◆ WHAT YOU SHOULD DO:
Exact reproduction required: the lines below from the line with "Vintage P60 Armchair" to the line with "This model P60", both ends included, and no others.

◆ RECORD EXCERPTS:

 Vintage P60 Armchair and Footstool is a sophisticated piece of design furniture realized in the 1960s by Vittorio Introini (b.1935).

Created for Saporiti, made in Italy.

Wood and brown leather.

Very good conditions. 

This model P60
--
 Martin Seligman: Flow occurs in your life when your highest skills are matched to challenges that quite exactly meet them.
--
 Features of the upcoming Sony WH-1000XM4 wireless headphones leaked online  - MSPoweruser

◆ RESULT FOR THIS EXERCISE:
 Vintage P60 Armchair and Footstool is a sophisticated piece of design furniture realized in the 1960s by Vittorio Introini (b.1935).

Created for Saporiti, made in Italy.

Wood and brown leather.

Very good conditions. 

This model P60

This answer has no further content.